## Information shown

►

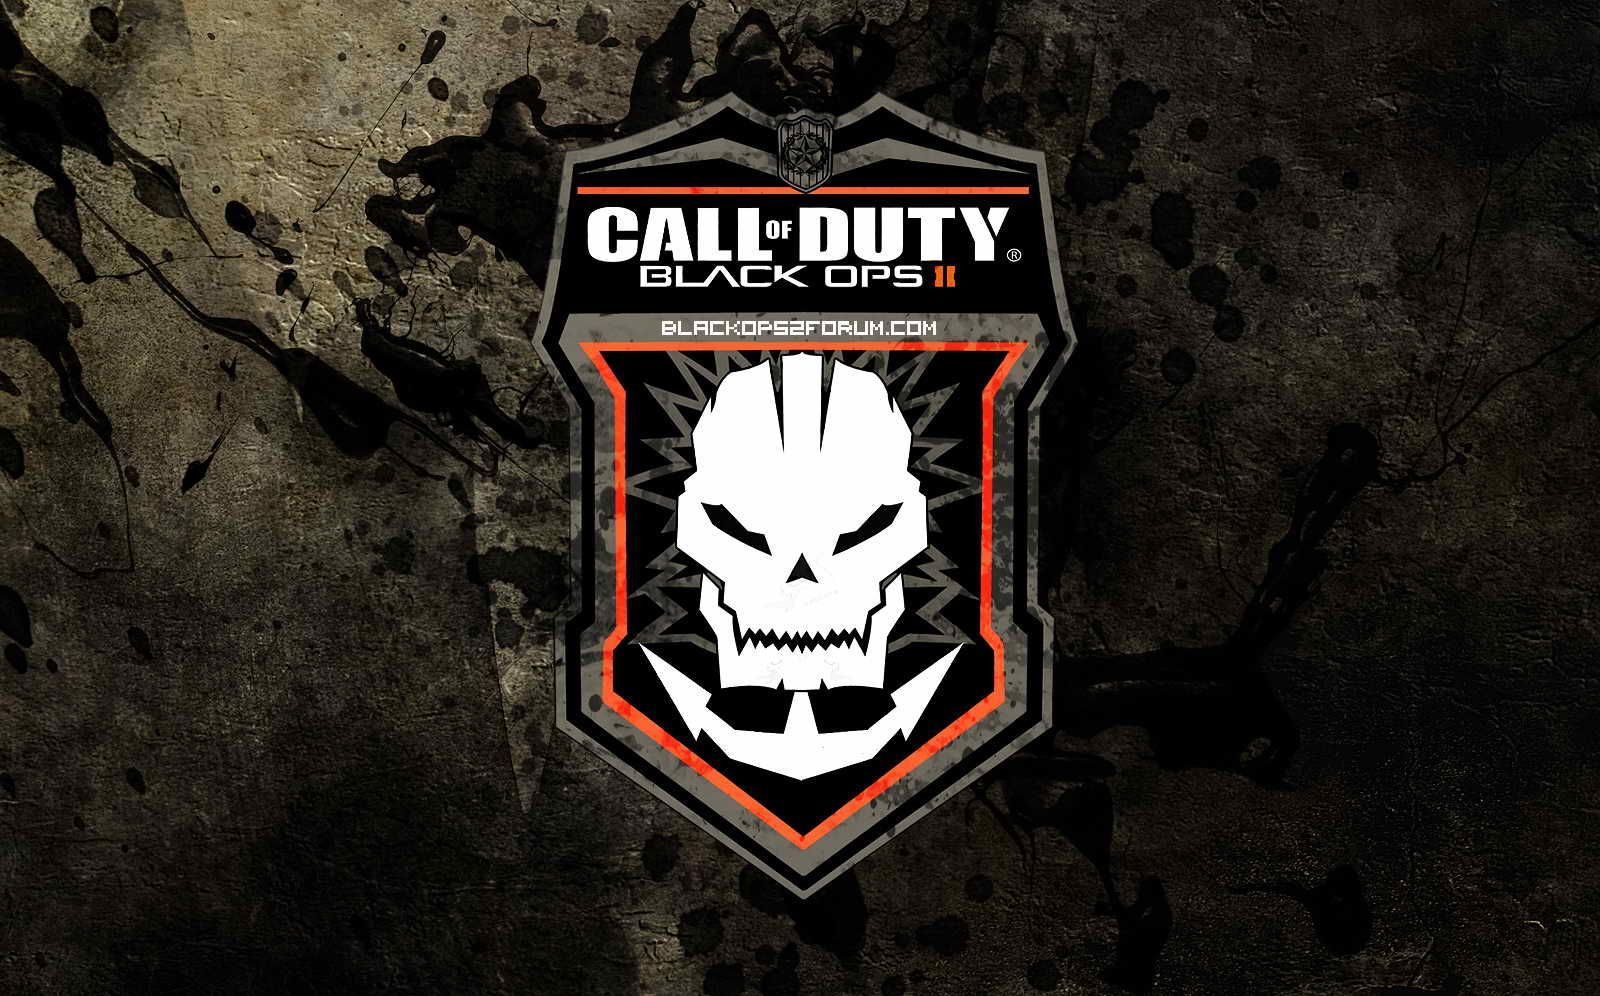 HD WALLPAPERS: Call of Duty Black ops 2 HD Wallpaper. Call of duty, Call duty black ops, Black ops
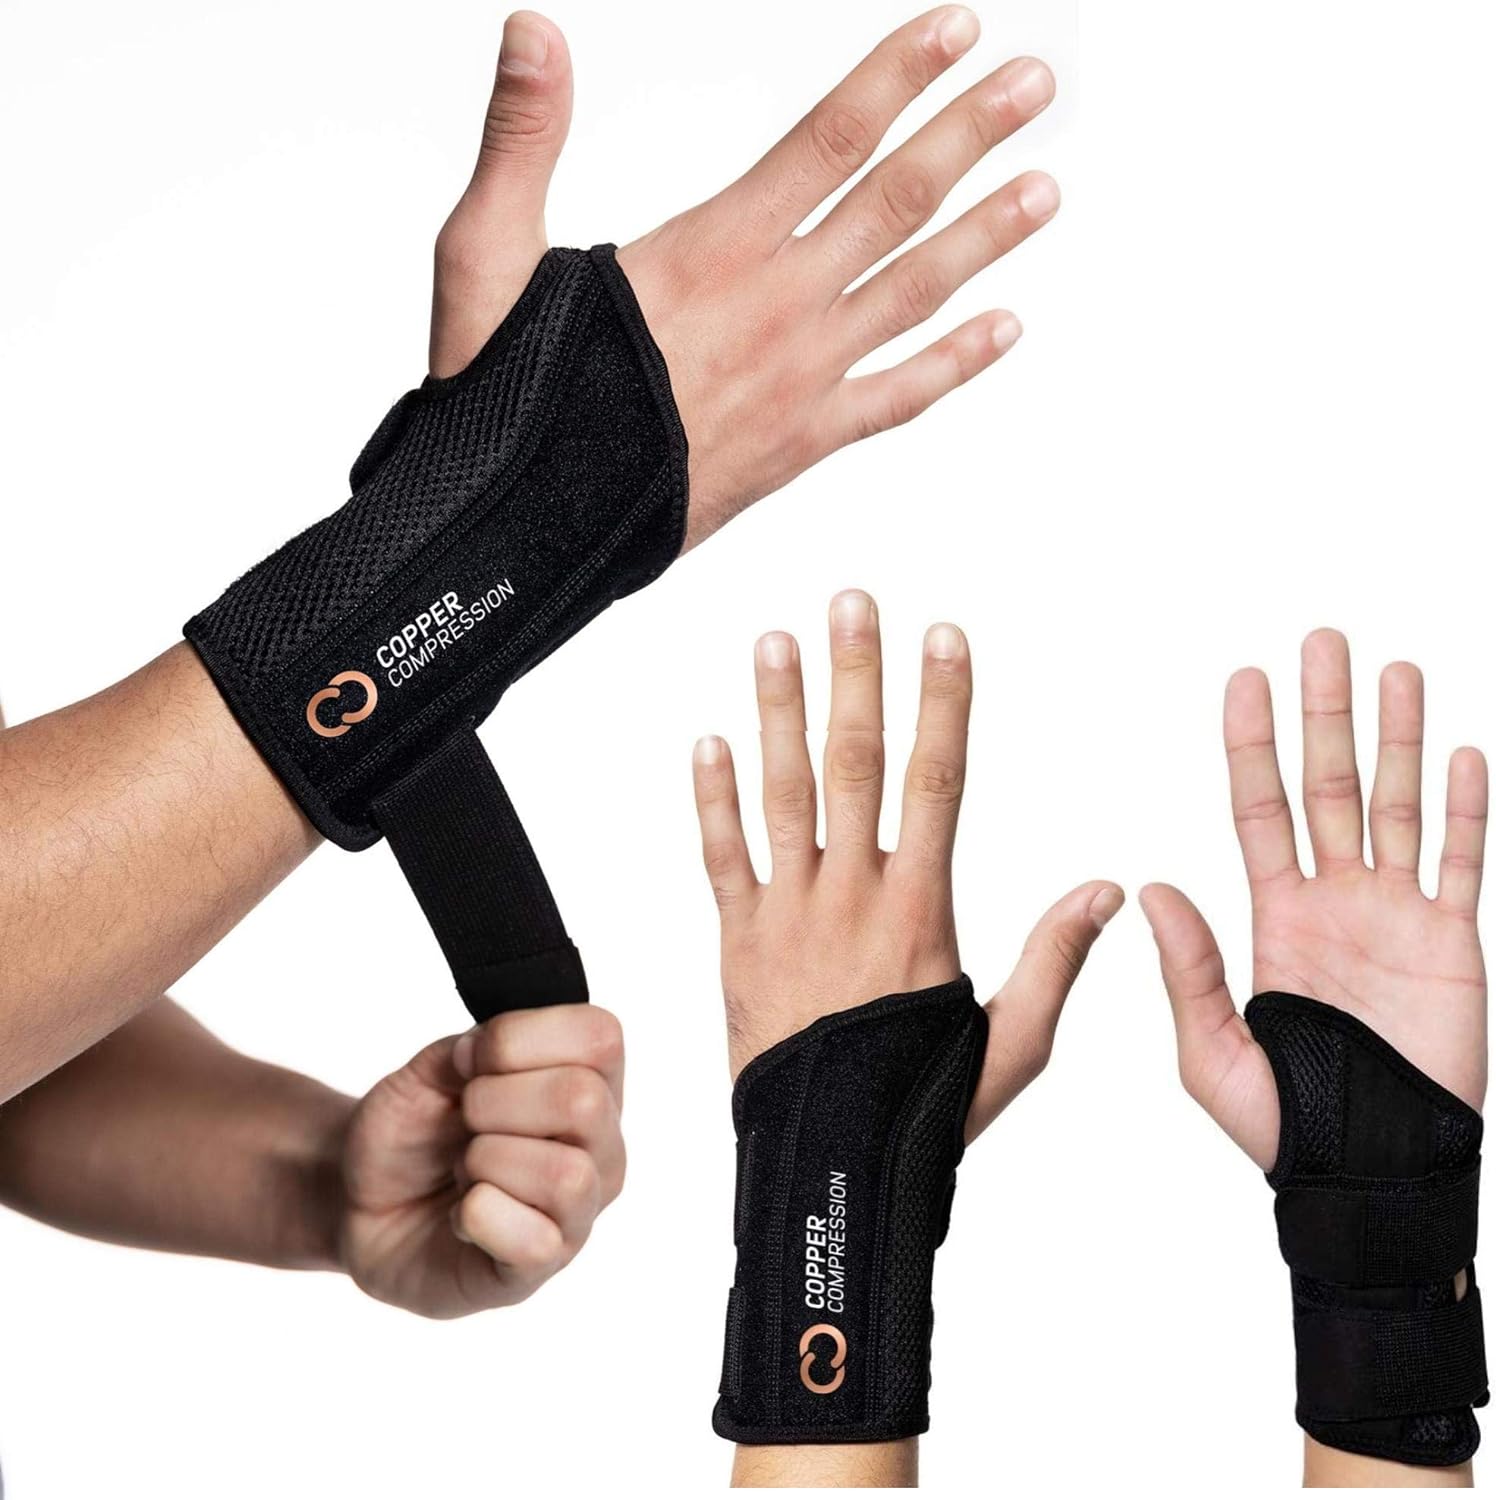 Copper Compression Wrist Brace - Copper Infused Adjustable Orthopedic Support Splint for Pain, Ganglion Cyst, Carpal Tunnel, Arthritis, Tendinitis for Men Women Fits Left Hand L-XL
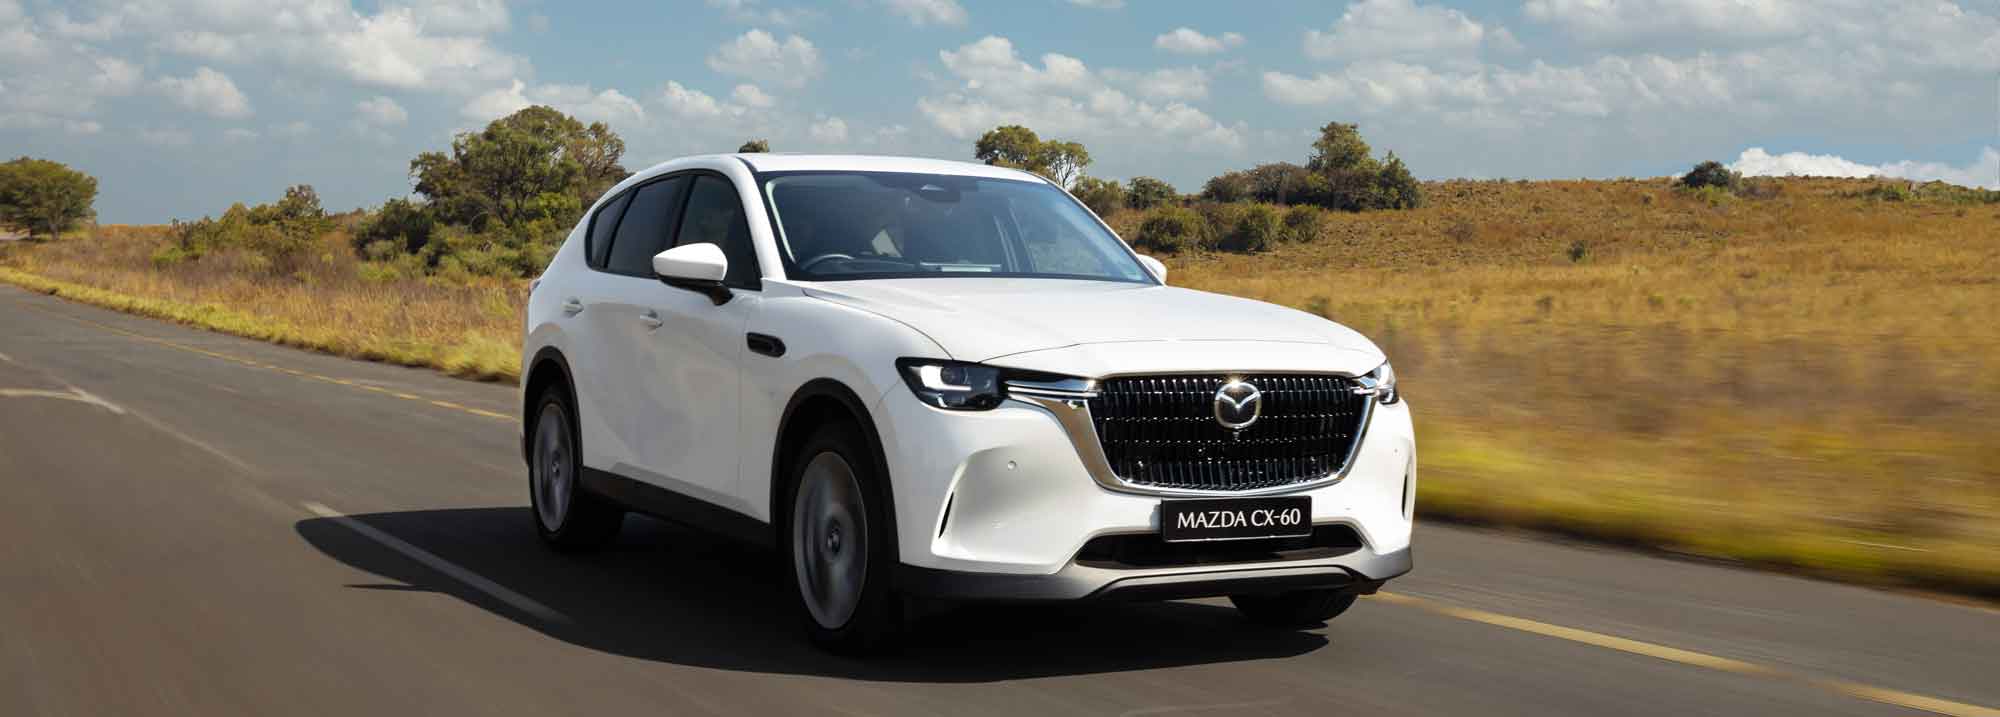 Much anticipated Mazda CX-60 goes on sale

◄

## Work task
Return the listing above in full and unaltered. Keep the pictures out.

## Exercise response
 HD WALLPAPERS: Call of Duty Black ops 2 HD Wallpaper. Call of duty, Call duty black ops, Black ops
 Copper Compression Wrist Brace - Copper Infused Adjustable Orthopedic Support Splint for Pain, Ganglion Cyst, Carpal Tunnel, Arthritis, Tendinitis for Men Women Fits Left Hand L-XL
 Much anticipated Mazda CX-60 goes on sale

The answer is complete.